タイトルがタイトルゆえに、内容を読む前から物議を醸した本であった。
4月の横浜出張の際、新大阪の駅のキオスクに並べられた本を見て、
上司がそのタイトルを見て苦笑していた。私はその反応を見て整然と、
「子どもは別かもしれないけど、大人になればなるほどその人の生き様が表面に
出てくるから、あながち間違いじゃないですよ。」
なんて言ったんだった。
他にも内容を読まず、タイトルのみで盛り上がったことがあり買って読む前から
こんな風に盛り上がるなんて前代未聞でございました。
で、いつものように馴染みの本屋さんの中古を漁っていたら、この本を見つけて、
中古ならいいかと買ってしまいました。よく考えたらそんなに安くなかったな。

読んでみた感想ですが、タイトルに騙されてます。
実際は、帯にもあるとおり「非言語(ノンバーバル)コミュニケーション」に
関する本です。

どんなに言葉を尽くしても、情報伝達において言葉は7%しか伝えないという実験
結果がある。残りの93%は、顔の表情や声の質、仕草など。つまり、言葉よりも
それ以外の情報の方がコミュニケーションでは大切なのです。
NLP(Neuro Linguistic Programming = 神経言語プログラミング)をかじったこ
とがある身の上としては、とりたてて目新しいことはなかったのですけど、
マンガの表現技法、伝達力はとてもおもしろかった。あまりマンガを読まずに
育ってしまったのですが、マンガだと頭に入ってきやすいと感じる理由が
分かりました。単なる絵と吹き出しだけじゃないんだなぁ、と。これまで意識
していなかったけれども、マンガそのものも立派なノンバーバル・コミュニケー
ションだったんだ、と納得。

言語化がどうとか、普段はこのblogを含め、言葉を操ってばかりなんですけど、
まぁ、言葉なんて本当に曖昧なものです。

「ねぇ、私の話を聞いてる?」と尋ねた相手が上の空で
「うん、聞いてるよ」なんて言ったら、口では「聞いてる」と言っていても
聞いちゃいねぇよ、コイツ、って思いますよね。

ケンカをして「もう、怒ってないから」と言われたとしても、
目が怒ってたら、「怒ってない」という言葉と本心は別だって分かりますよね。

こんな風に、言葉よりも態度の方が正しい情報を伝達しているケースって
非常に多いと思うのです。
それに、同じ言葉でもまったく正反対な意味を内包していることが多々あります。
(こっから先は内田先生の受け売りね)
たとえば「手前」。「てまえ」と読めば一人称。「てめえ」と読めば二人称。
リバーシブルです。

「好き」という言葉だって、その時の言い方で意味合いが変わります。
たとえば、男の子が女の子に「僕のこと好き?」と尋ねられたとして、
相手の女の子が間髪入れずに「うん、好きよ」と答えた場合と、
コンマ何秒かのためらいがあって「・・うん、好きよ」と答えた場合では、
同じ「好き」でも意味合いが違うことはお分かりだろうか。
間髪入れずに返事があれば、「人間として好きだけど異性としては興味がない」
間があれば「異性として好き」という意味合いになる。(100%の保証はしないけど。)

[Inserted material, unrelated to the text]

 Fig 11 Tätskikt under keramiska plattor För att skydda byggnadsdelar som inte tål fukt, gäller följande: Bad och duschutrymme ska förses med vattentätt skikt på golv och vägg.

ここまで書いたら何となく分かってもらえると思うけど、言葉だけ追っていてはコミュニケーション全体が見えなくなってしまうんである。

常日頃はメールやblogが主、つまり、書き言葉によるコミュニケーションばっかりな私ですが、正直、書き言葉だけのコミュニケーションは疲れるな、と思うことがあります。書き言葉でも、やはりそこに間があったり、息づかいがあったりして、行間も読みますが集中力がモノを言うので疲れる・・ですね。
その逆も然り、かしら。こんな風に毎日書き言葉で発信している私が書くのもなんですが。

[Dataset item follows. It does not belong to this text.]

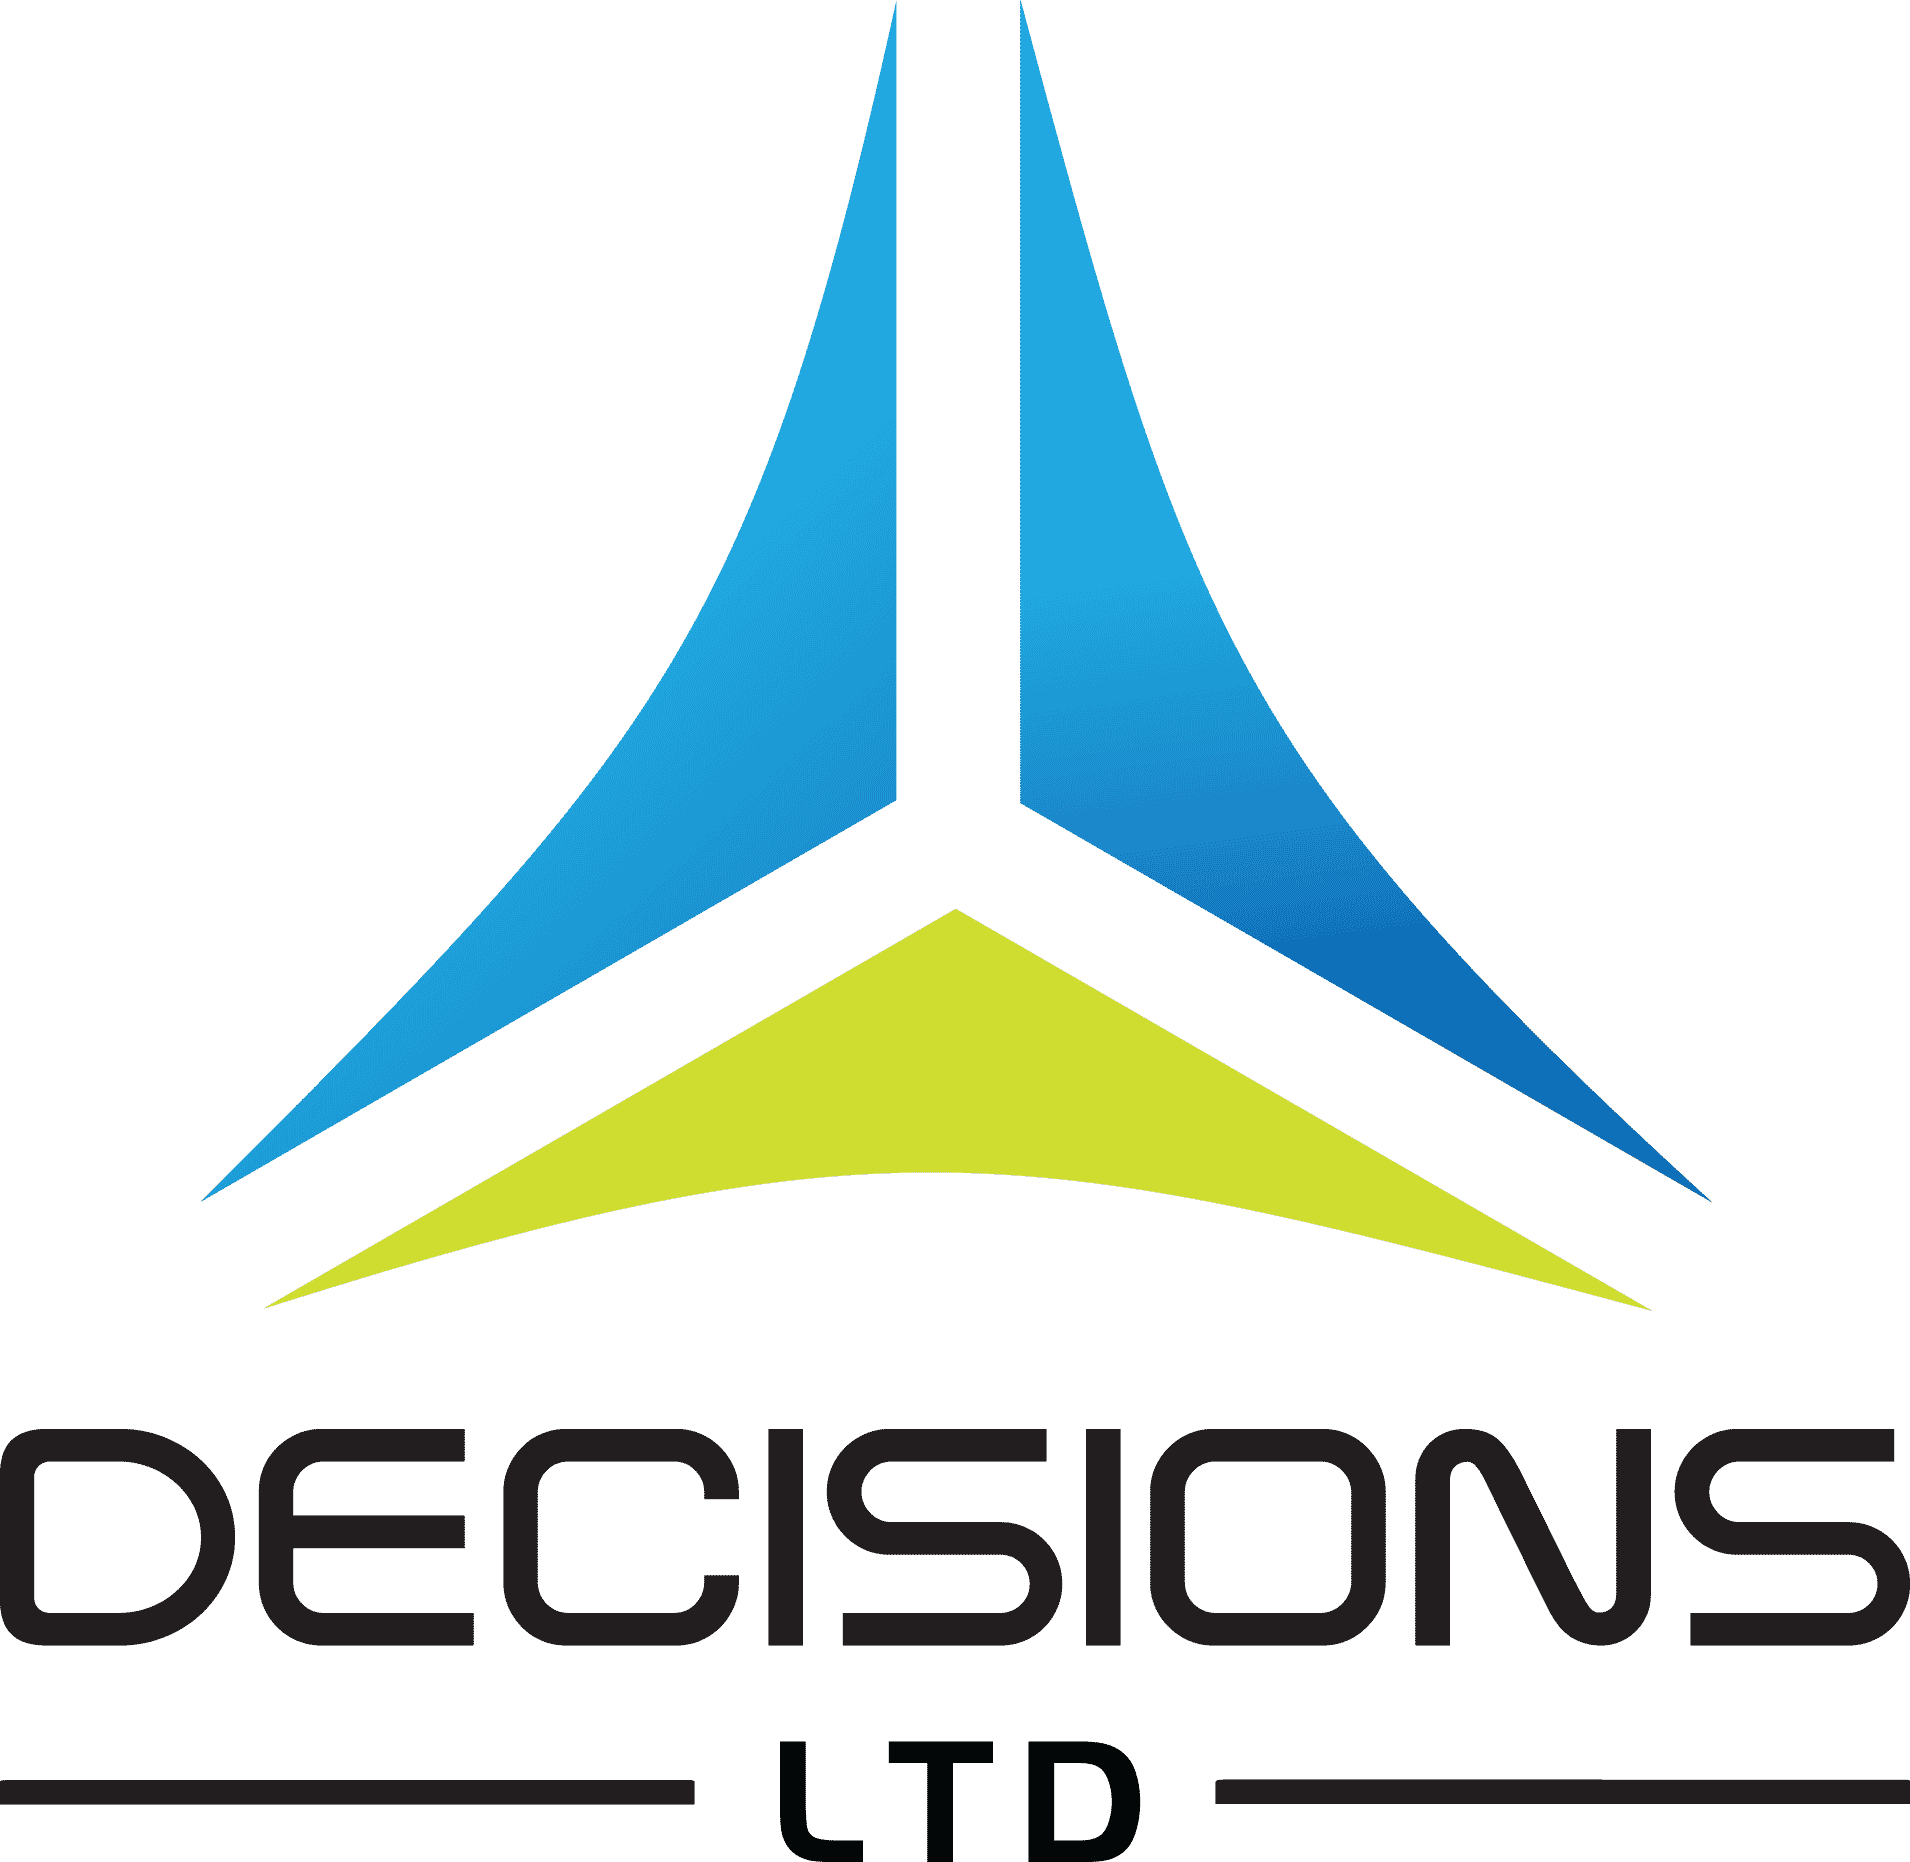 Decisions Ltd

で、「人は見た目が9割」の本の内容からずいぶんと脱線したような気がするんですけど、この本を書いた竹内さんはマンガの原作や舞台の演出などもしておられるので、そういった経験から言葉以外の「ノンバーバル・コミュニケーション」を事細かに紹介しておられます。口べただから上手に伝えられない、なんていうのは全くの間違いってことを学べると思います。言葉に頼らず雄弁に語る方法ってのはあるんですよ。それを私ができているかどうかは別として。